- _EXERCISE REQUIREMENTS_
Print the listing below exactly, images excluded.

- _DATA PROVIDED_

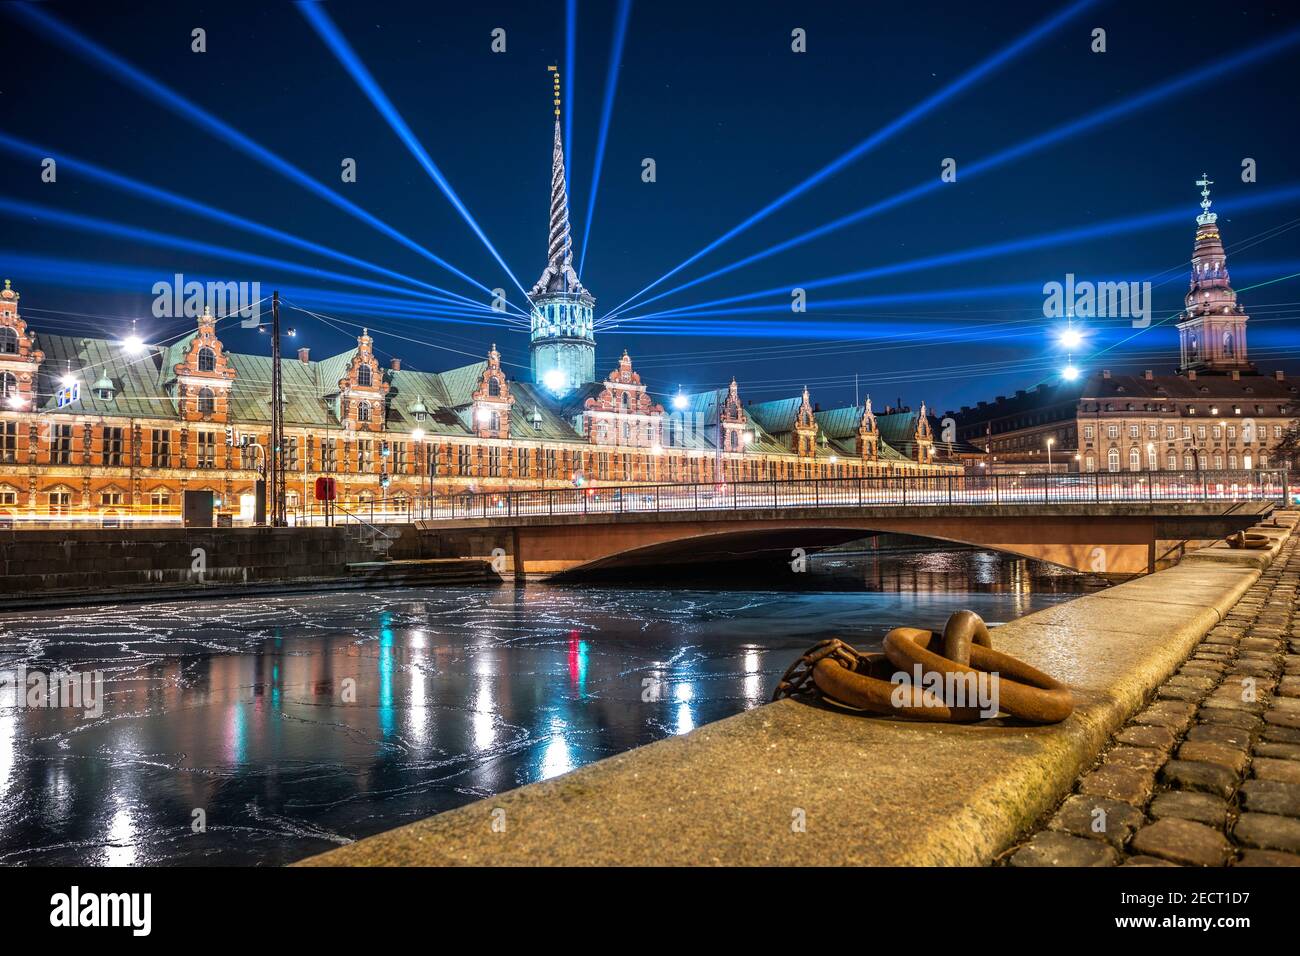 Copenhagen lights festival at night with lights mounted on Børsen tower and frozen canal, Denmark Stock Photo
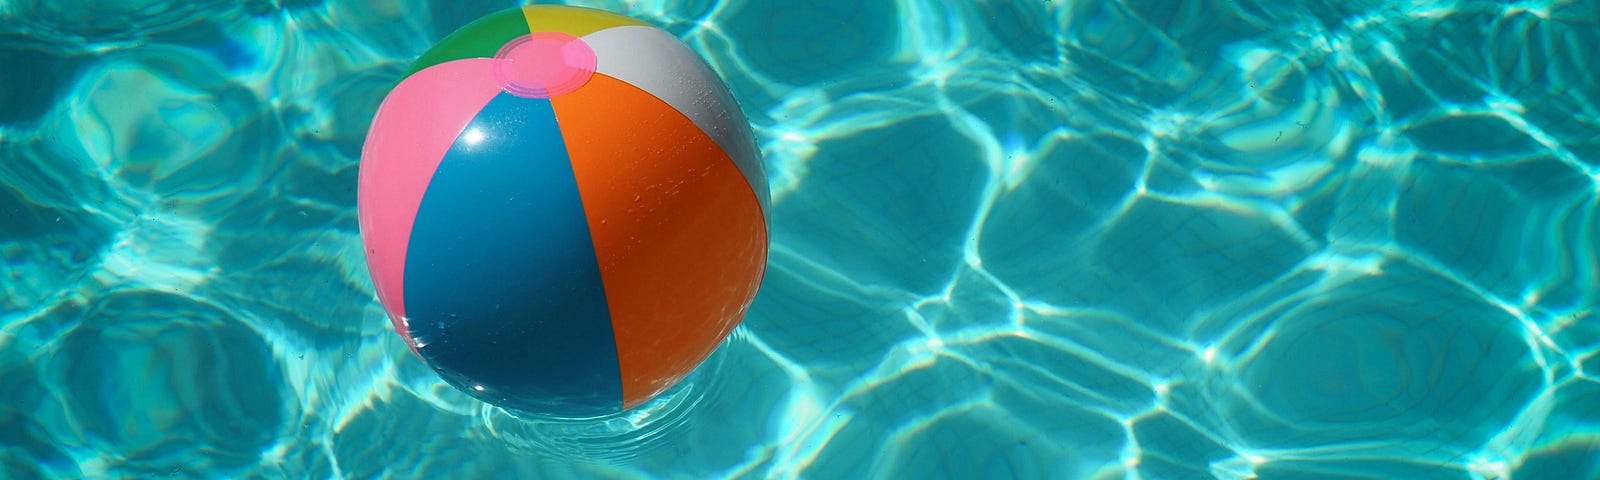 A turquoise swimming pool with a red, blue and gray beach ball in it
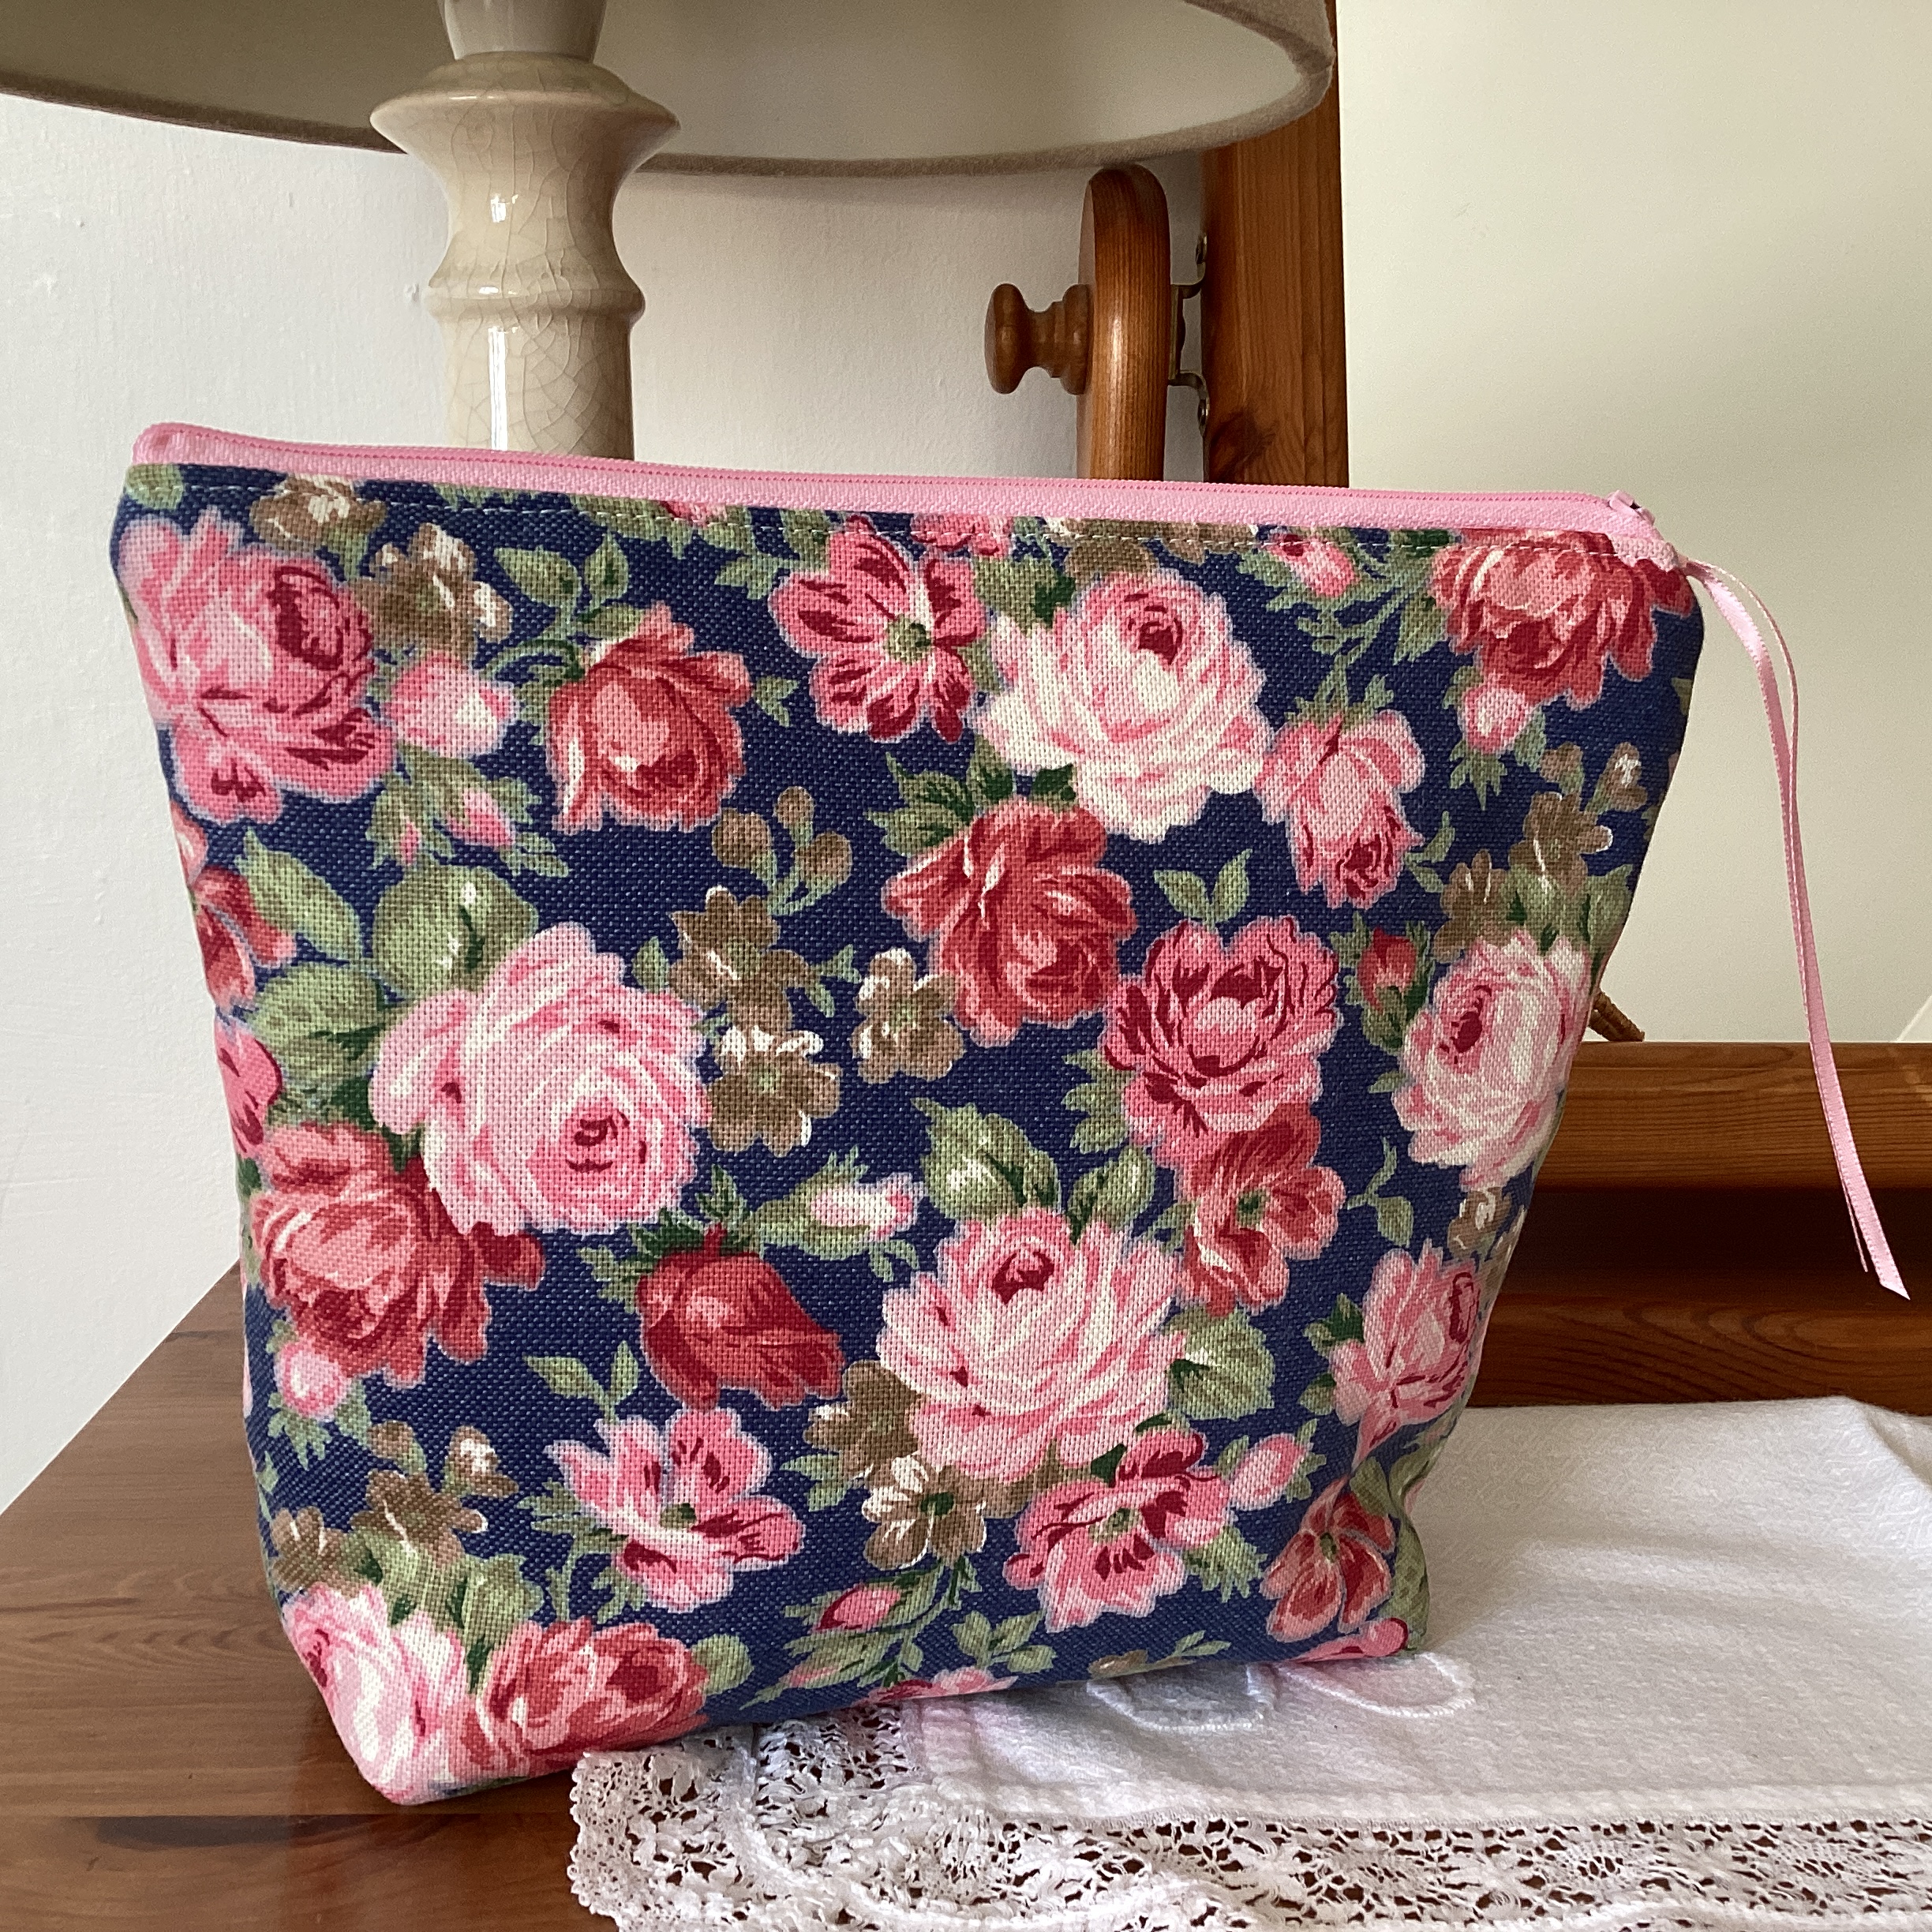 Zipped Pouch - pink floral on blue

- _EXERCISE OUTPUT_
 Copenhagen lights festival at night with lights mounted on Børsen tower and frozen canal, Denmark Stock Photo
 A turquoise swimming pool with a red, blue and gray beach ball in it
 Zipped Pouch - pink floral on blue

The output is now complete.